Moreover, the idea of having my newborn away from me, even if just in a crib across the room, made me feel incredibly uncomfortable. So, I went with 'instinct,' and began researching safe co-sleeping.

I won't bore you with an exhaustive list of how-tos, because if you have an interest in co-sleeping then you are probably doing your own research, but I can recommend a couple of links to get you started. Elizabeth Pantley, author of The No-Cry Sleep Solution (which really is a fantastic book for parents' at their wits end with a baby who won't sleep and won't let them sleep) wrote one and Dr. Sears (who is basically The Maven of Attachment Parenting) has one here.

The BIG worries of parents who plan to co-sleep with their infant are:
  • Overlying, or rolling on top of the baby
    I've successfully co-slept with a bundle of small dogs since I was about 19 years old. I started with a Chihuahua puppy who weighed in at a whopping 2lb when she first came home with me. I've never rolled onto a dog, and am in fact an exceptionally light sleeper.

  • Falling from the bed
    Currently, the BabyBeast sleeps in a Supreme SnuggleNest between the Husbeast and I. The plastic sides and foam positioner prevent him from moving too far out of the Nest. Once he's bigger (which won't take long, at the rate he's increasing in size; i think i have miraclegro in my breastmilk) I'll move him over to my side of the bed with a toddler bed rail to prevent him from leaping to his doom. And even if he manages to roll out, our bed currently consists of a mattress and boxspring, so the fall to the carpeted floor is about 1.5ft.

    I chose to co-sleep not only to make breastfeeding easier, not only to let myself rest secure that the baby was still breathing, but also because studies have shown babies don't suffer SIDS as often if they are sleeping close to their mother. Whether its because they hear her breathing, or never reach deep sleep due to her movements in the night, or some other reason, I don't know. But I DO know that I sleep better with the feeling that I'm doing absolutely everything I can to prevent my son slipping away at night.

    I have to say that so far, our co-sleeping experience has been amazing. The Baby Beast sleeps well, I sleep well, even the Husbeast is sleeping well (not to worry, he never naps alone with the baby).

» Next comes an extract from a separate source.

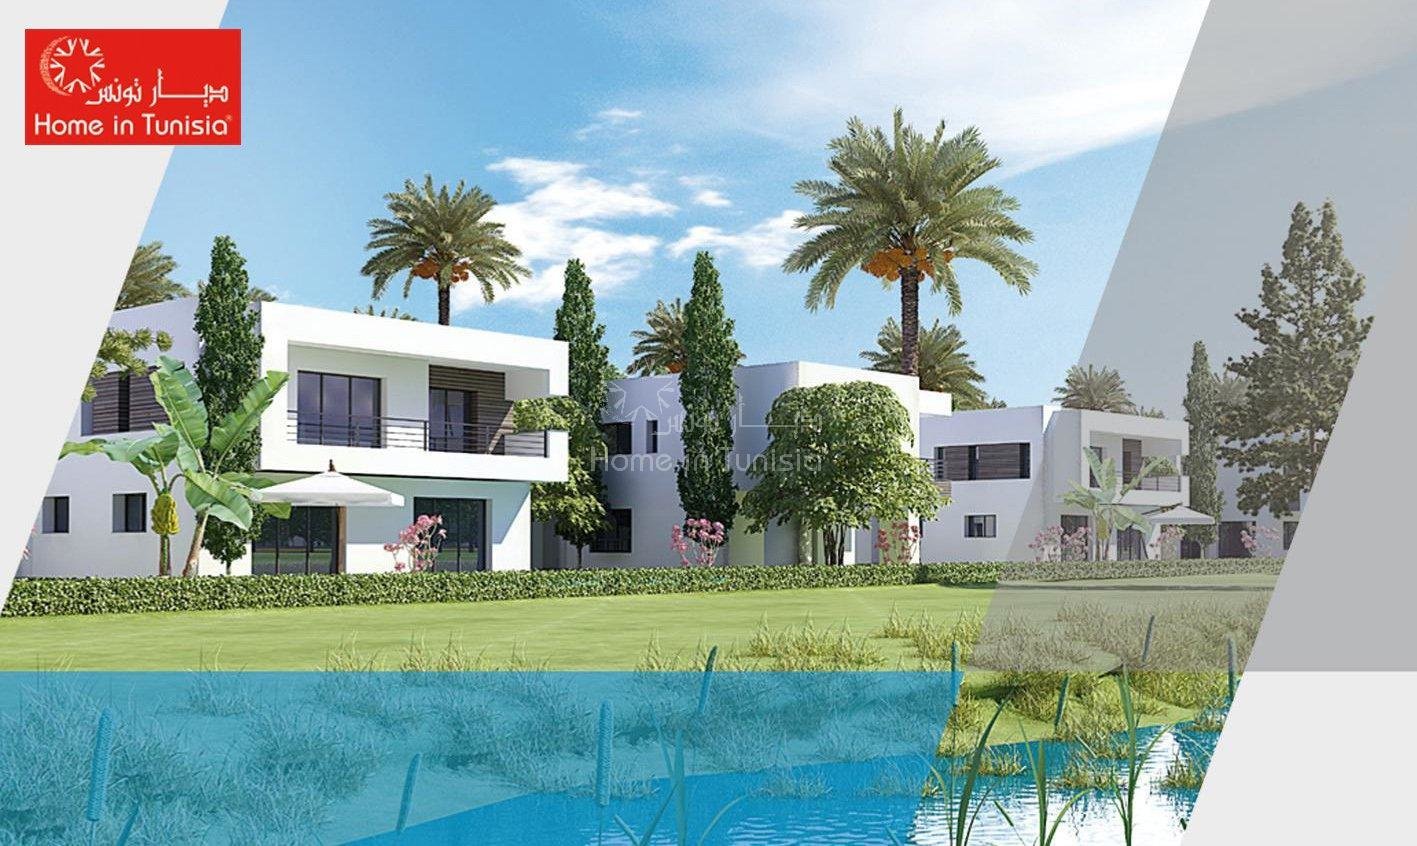 Villa golf isolée neuve de 375 m2 avec 4 chambres terrasse jardin piscine

    Personally, I can't imagine locking my baby into a cage in another room, where I can't listen to his breathing as I fall asleep and can't reach out to touch his warm stomach to make sure it's moving up and down with the rhythm of his dreaming breaths.

    Is sleep sharing for everyone? Probably not. Is co-sleeping in the same bed for everyone? Definitely not. Does sleep sharing ask the parents to devote more of themselves to the baby? Definitely so. But most of all, sleep sharing is natural. It's been the way of infants and adults since mammals started roaming the earth (and, in case you fell asleep during your high school science classes, humans are, indeed, mammals).

    If we were looking at apes, or lemurs, or even dogs, you'd see how there's a logical pattern to mother-infant relationships. Logically, it makes no sense to separate mother and infant. How is the baby to eat if its mother is absent? How is the baby to stay warm without maternal warmth? Who will respond to the infants cries in the night (other than a predator) if the mother isn't there?

    So, how is it natural to put the baby in a room separate from its mother?

    I guess it just makes sense to me to follow animals as my guide to infant rearing, for the most part. They don't have cribs, and swings, and walkers, and bouncers. They have to devote themselves wholly to the rearing of their young, and that includes while sleeping. So, sleep sharing/co-sleeping is to me just the natural thing to do.

    Besides, it makes it so much easier to follow the age-old addendum, "Nap when your baby naps."